[Stored data entries]
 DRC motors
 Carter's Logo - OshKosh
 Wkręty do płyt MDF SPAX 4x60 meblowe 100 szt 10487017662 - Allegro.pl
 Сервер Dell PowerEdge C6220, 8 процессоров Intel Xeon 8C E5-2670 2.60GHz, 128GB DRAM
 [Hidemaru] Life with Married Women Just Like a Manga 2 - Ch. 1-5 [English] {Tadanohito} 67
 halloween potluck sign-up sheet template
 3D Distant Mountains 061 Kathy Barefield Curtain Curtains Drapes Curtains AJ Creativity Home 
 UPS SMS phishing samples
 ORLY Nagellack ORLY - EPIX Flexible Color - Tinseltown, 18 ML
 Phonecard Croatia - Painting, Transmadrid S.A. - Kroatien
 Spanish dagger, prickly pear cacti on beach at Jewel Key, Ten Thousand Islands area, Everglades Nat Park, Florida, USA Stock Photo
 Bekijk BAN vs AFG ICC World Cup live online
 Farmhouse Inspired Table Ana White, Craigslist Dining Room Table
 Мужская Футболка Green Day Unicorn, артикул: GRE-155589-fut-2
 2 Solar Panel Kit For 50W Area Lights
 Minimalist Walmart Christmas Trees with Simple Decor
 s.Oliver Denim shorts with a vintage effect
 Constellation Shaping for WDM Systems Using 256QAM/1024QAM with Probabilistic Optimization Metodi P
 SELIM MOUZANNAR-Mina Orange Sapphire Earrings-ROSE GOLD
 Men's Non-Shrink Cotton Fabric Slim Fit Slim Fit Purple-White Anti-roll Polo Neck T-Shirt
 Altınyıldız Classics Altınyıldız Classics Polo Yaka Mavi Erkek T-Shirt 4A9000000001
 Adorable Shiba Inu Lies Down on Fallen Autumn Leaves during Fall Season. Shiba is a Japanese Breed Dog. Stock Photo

-- Work request --
What are the lines, exactly as written above, from the line with "halloween potluck sign-up sheet template" to the line with "Phonecard Croatia - Painting, Transmadrid", both included? Output only those.

-- Response area --
 halloween potluck sign-up sheet template
 3D Distant Mountains 061 Kathy Barefield Curtain Curtains Drapes Curtains AJ Creativity Home 
 UPS SMS phishing samples
 ORLY Nagellack ORLY - EPIX Flexible Color - Tinseltown, 18 ML
 Phonecard Croatia - Painting, Transmadrid S.A. - Kroatien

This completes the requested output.